Rajasekharan Nair's work is in stone. He uses abstractions from everyday life and twists the formulation of his sculptures to create paradoxical readings. His works in the show, however, provide a contrast rather than a pattern. There are two significant and powerful works that testify to the artist's understanding of stone and texture. In one of them he brilliantly merges smooth and raw texture. The Ganesha in stone has one side of the face smoothly laid, while the other half assumes a rough and raw shape. His other work is an extremely stylised cat (which may remind the viewer of a tiger), that represents a tense face. A flat seat reposes on the cat and is part of the form. Broadly, the artists' styles are influenced by the tradition of miniature representation in India. Their production of space on their respective grounds can be traced back to the flatness of representation and the absence of single point perspective in the miniature format. "My paintings also have their source from murals such as Ajanta," says Vasudev. Muralidharan could be included in his company, while, Douglas, however, also significantly draws from various questions raised internationally about the practice of contemporary art.

The artists are still part of the landscape of Cholamandal, whose heart and brain, four decades ago, was the great K.C.S. Pannikar. Panikkar did not envisage a school; among other things, he visualized a utopia where craft and art merged to a strong conclusion.


K. Muralidharan ... Fascinated by the forms of the imagery and Indian folklore that he has been exposed to from childhood.

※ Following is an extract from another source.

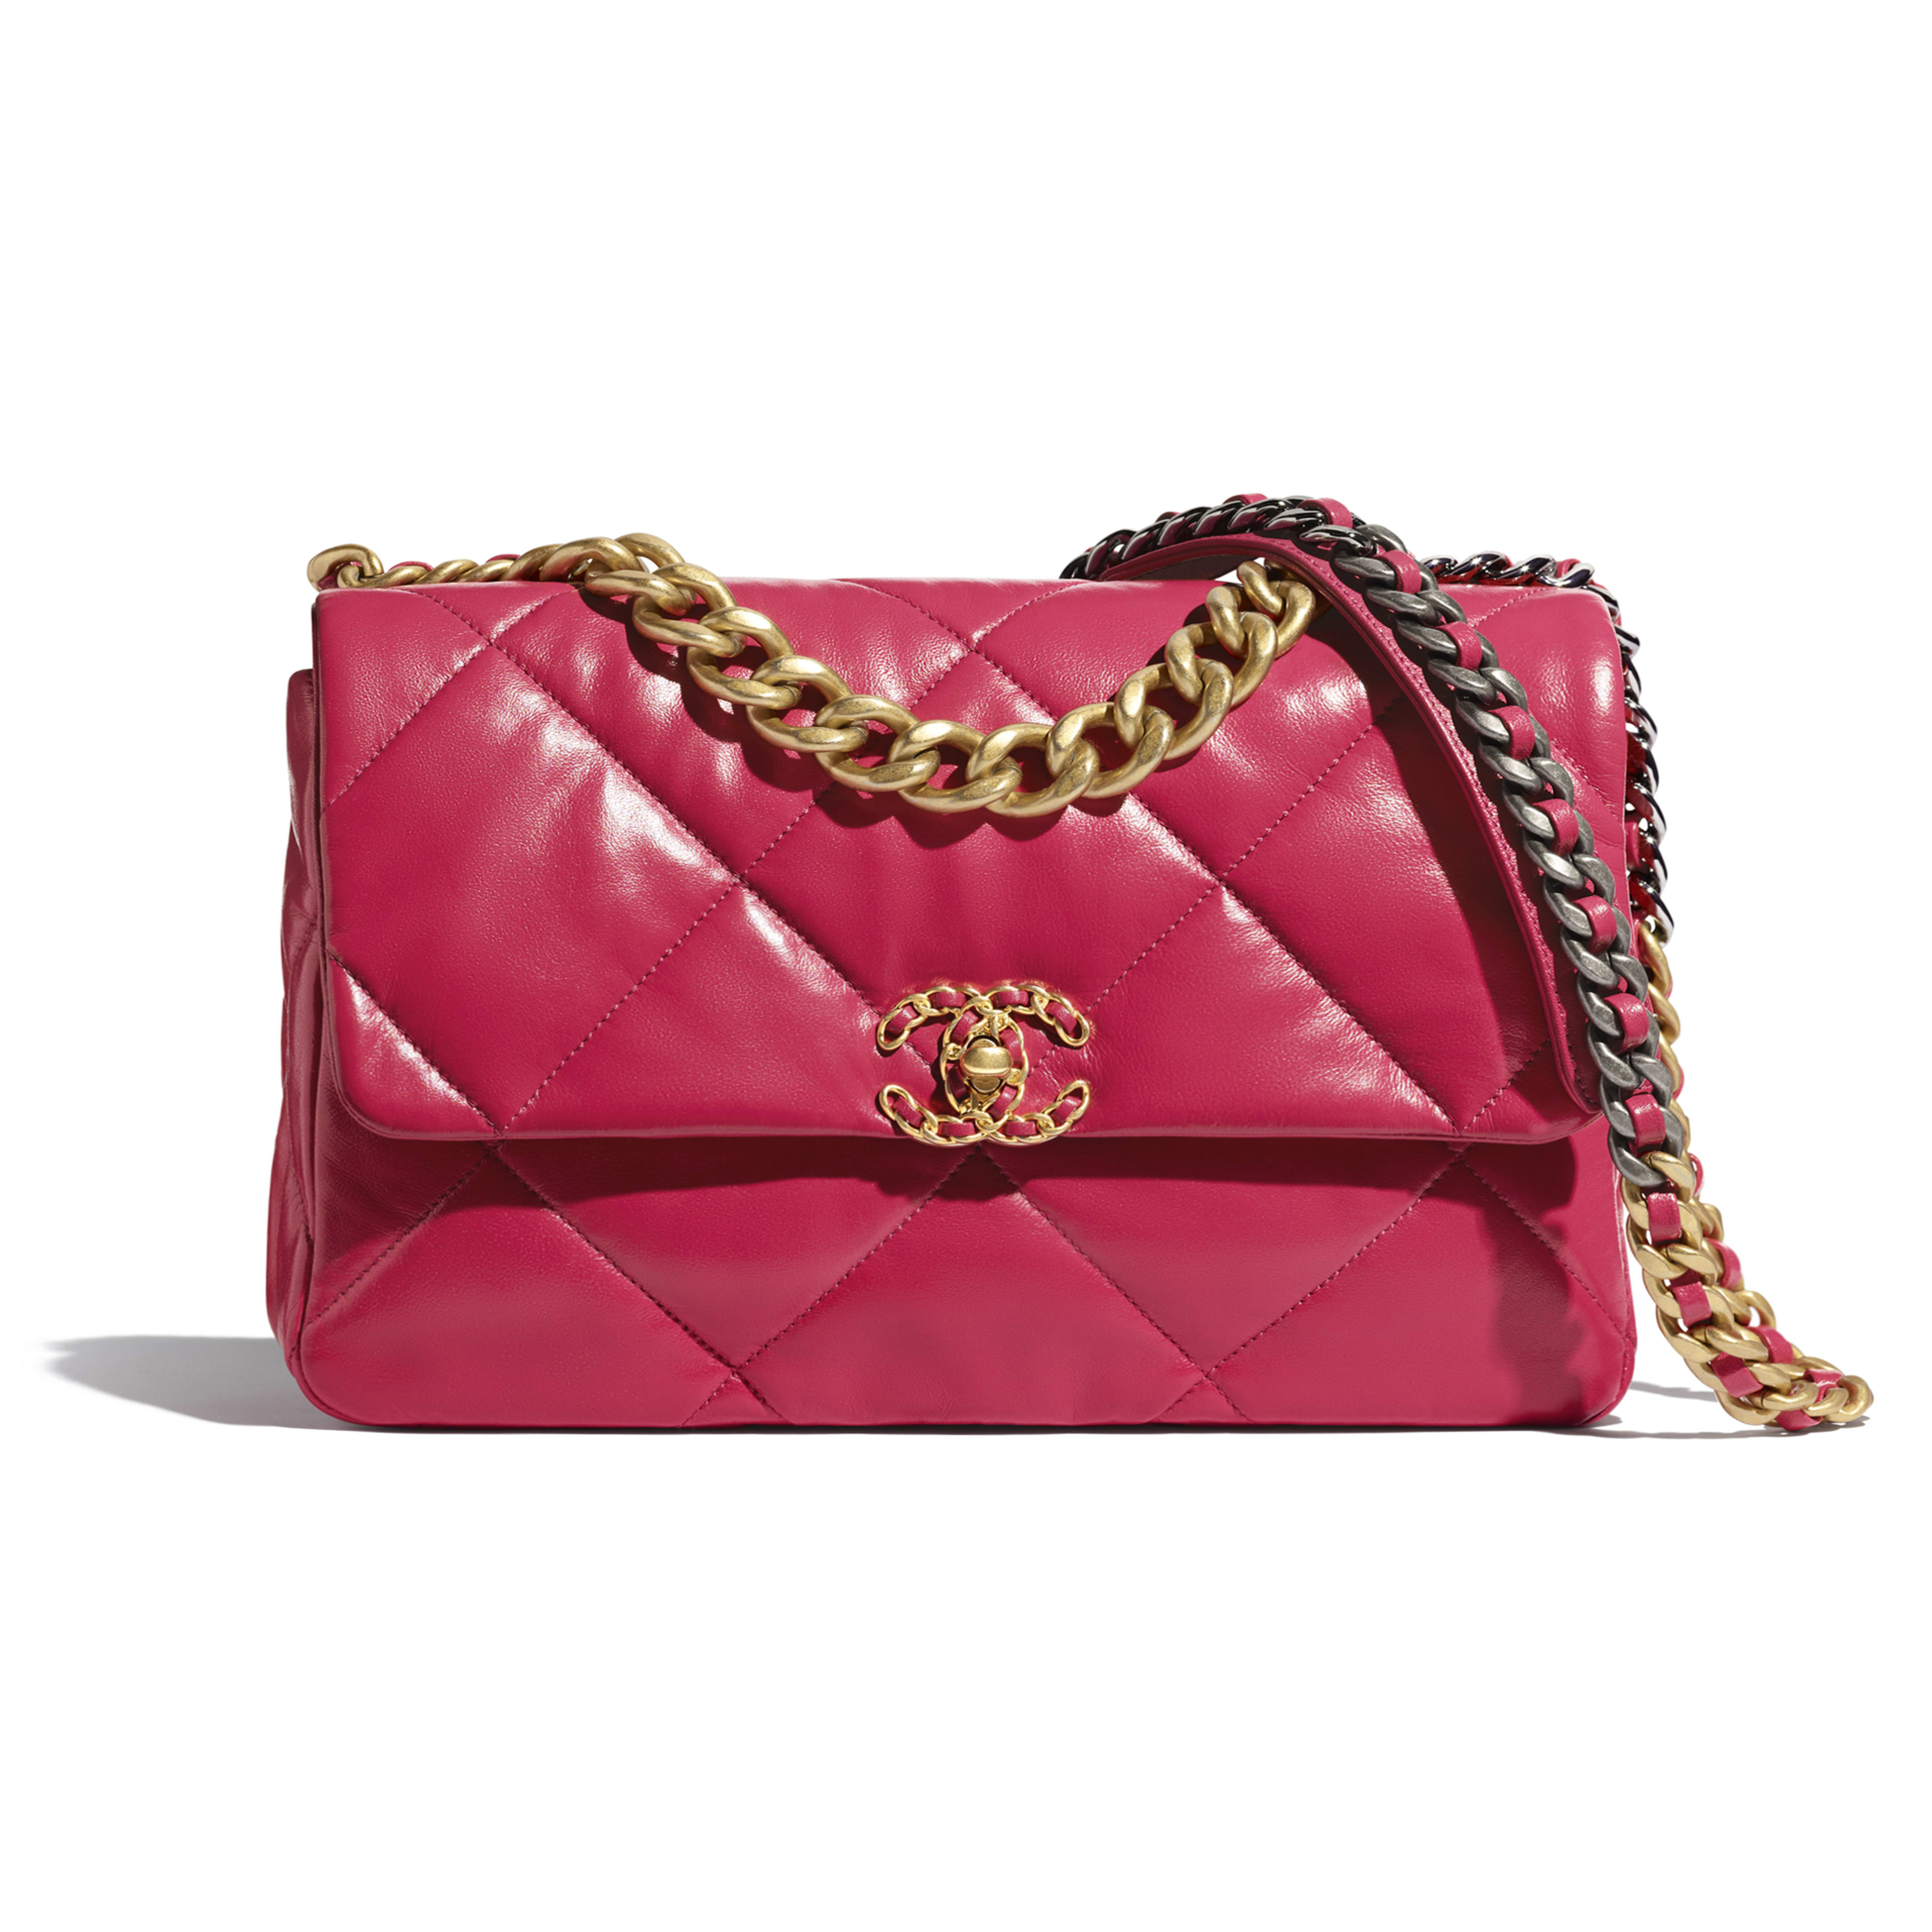 Chanel 19 Large Flap Bag Lambskin Gold

A few artists who lived in the village later travelled and returned to visit or settle down. Voluntary mobility bridges distance and provides access to other ideas. Ideas transform the traveller, and push him to reevaluate his past and change his perspective on the present. For every travel involves addition, deletion and a modification of basic premises. After travel, the wayfarer's home is not the same anymore. Reconciliation with the past is initially unsettling. Adaptation assumes supreme importance, as the unsettling experience of such extra-mural peregrinations leads generally to nostalgia, which helps in recreating and redefining the original landscape. Aided by the techniques of the present, the final synthesis leads generally to a homely idealism, which locates images from the past that comfort rather than challenge.

These four artists paint or create art that is a stand-in for something which is missed and can never be completely recovered. The sorts of representation that these artists have engaged with, are born out of the culmination of this tension between the past and the present. Macrocosmically, the idea upon which Cholamandal rested also belonged to a larger political context which had premises of a similar synthesis. The re-location of Indian art which reposes in the rich craft traditions of India — yet at the same time, the colonial influence which brought in techniques of Impressionism and Expressionism — gave rise to new movements such as the Madras Art Movement.